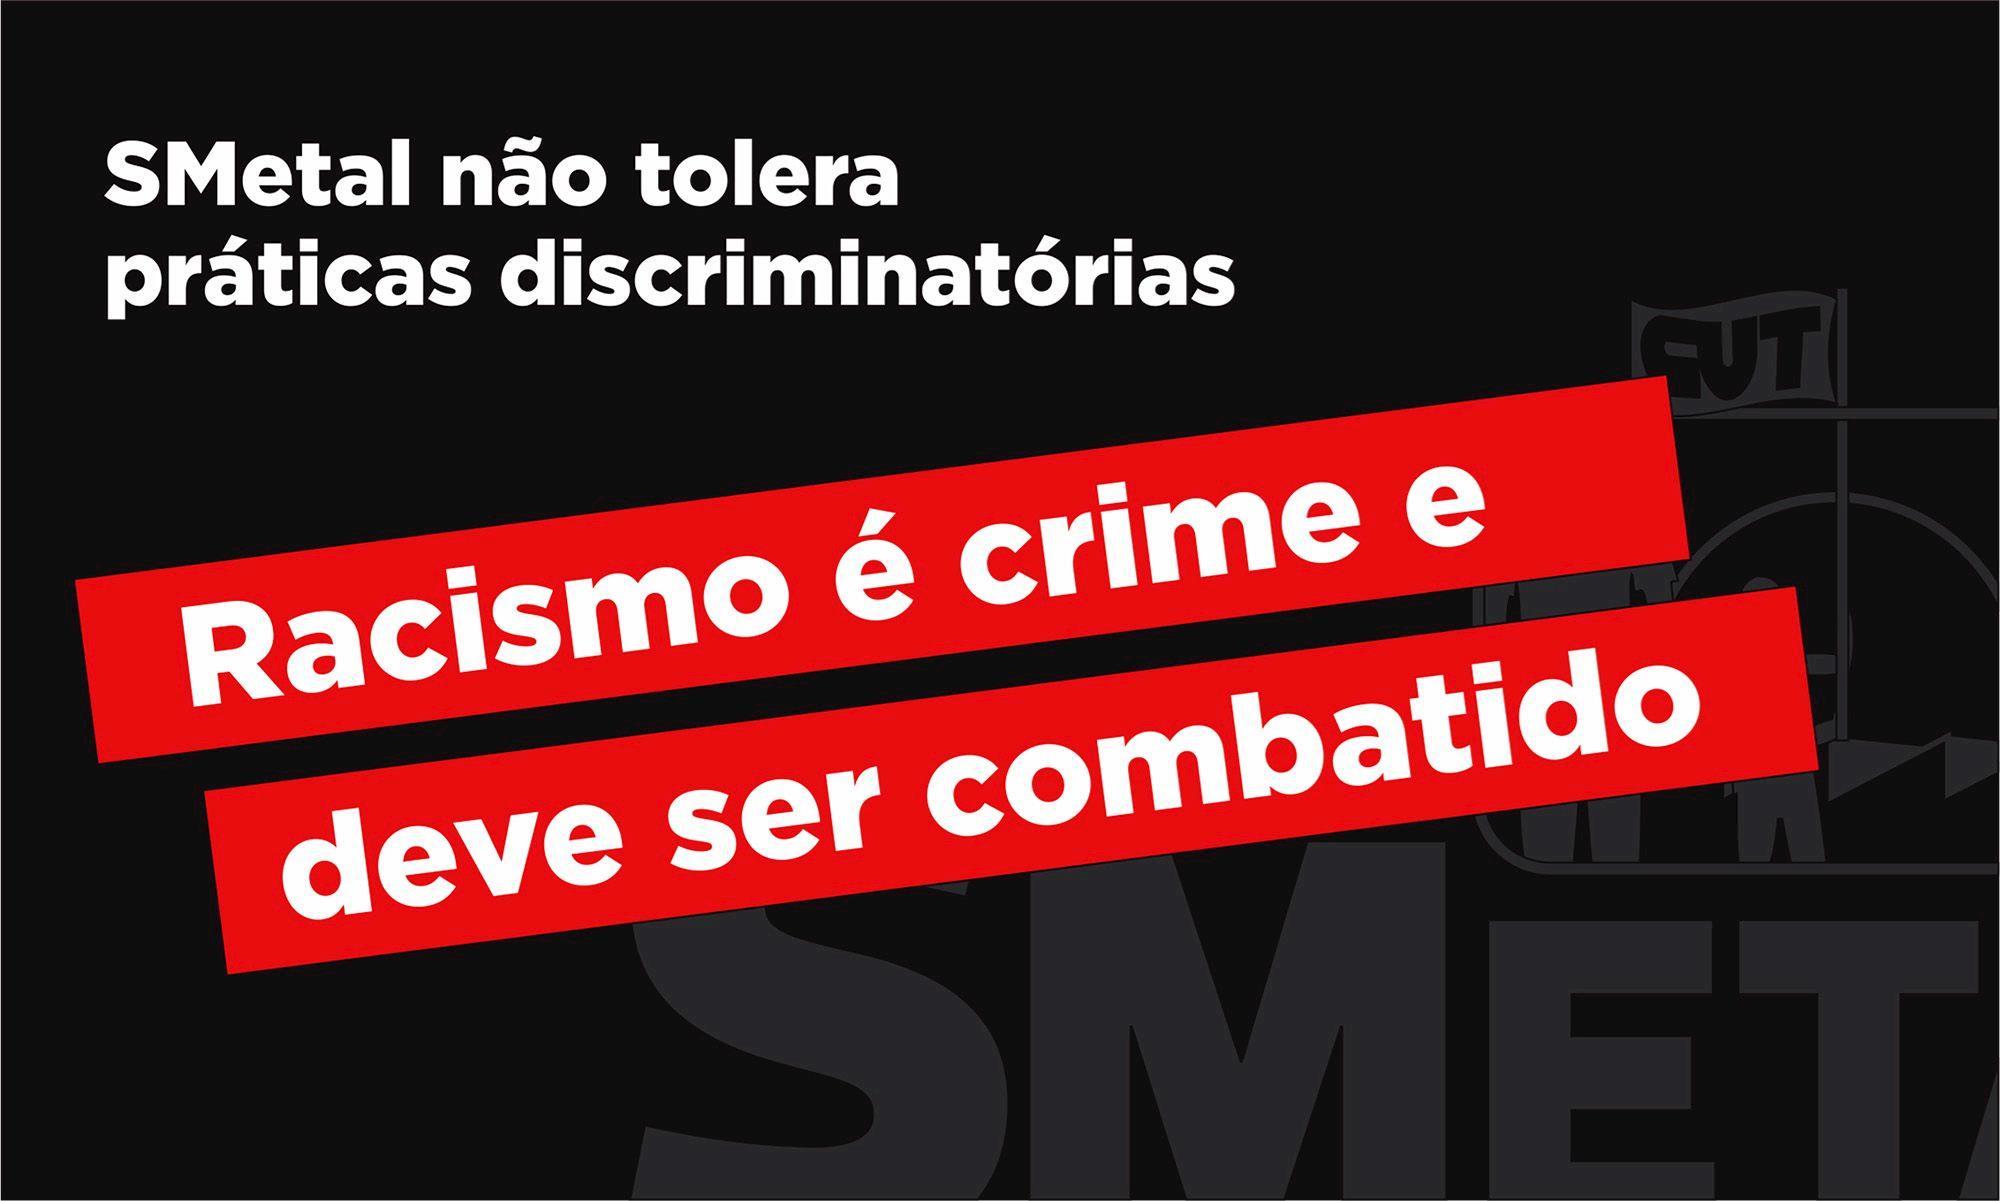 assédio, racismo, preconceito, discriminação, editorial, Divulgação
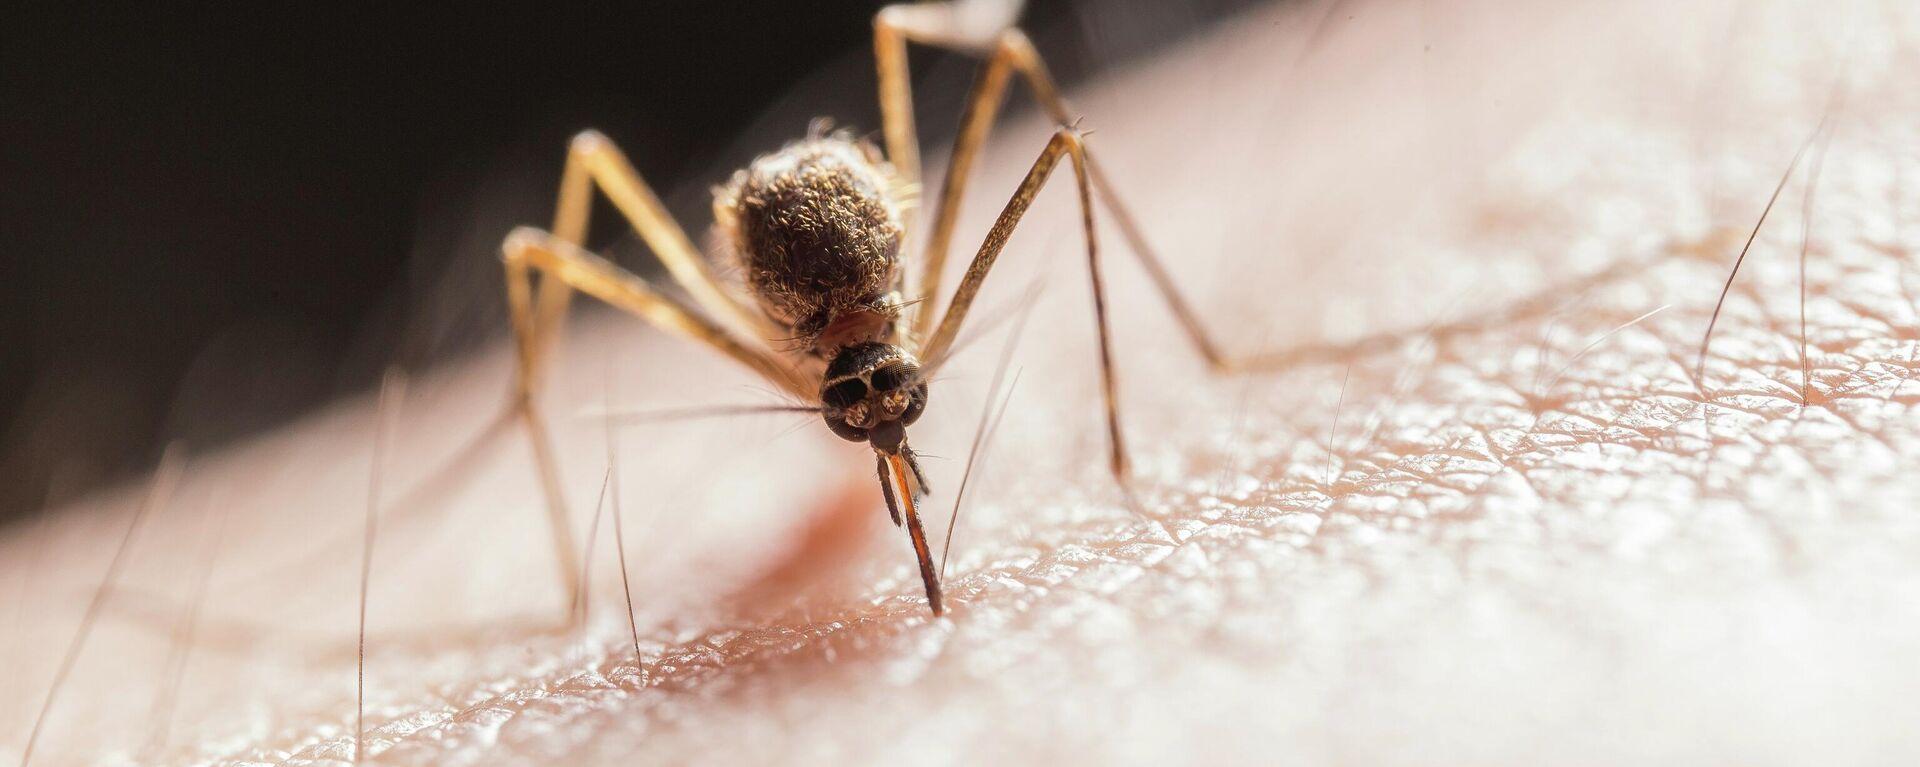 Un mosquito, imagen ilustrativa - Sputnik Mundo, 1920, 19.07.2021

* * *

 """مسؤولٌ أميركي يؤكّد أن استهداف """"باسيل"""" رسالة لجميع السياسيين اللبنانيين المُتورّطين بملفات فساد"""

(Work task) Both boundary lines included, write out word for word only the lines above from the one containing "discriminação, editorial, Divulgação" to the one containing "Un mosquito, imagen", leaving out any pictures.

(Exercise solution)
 assédio, racismo, preconceito, discriminação, editorial, Divulgação
 Un mosquito, imagen ilustrativa - Sputnik Mundo, 1920, 19.07.2021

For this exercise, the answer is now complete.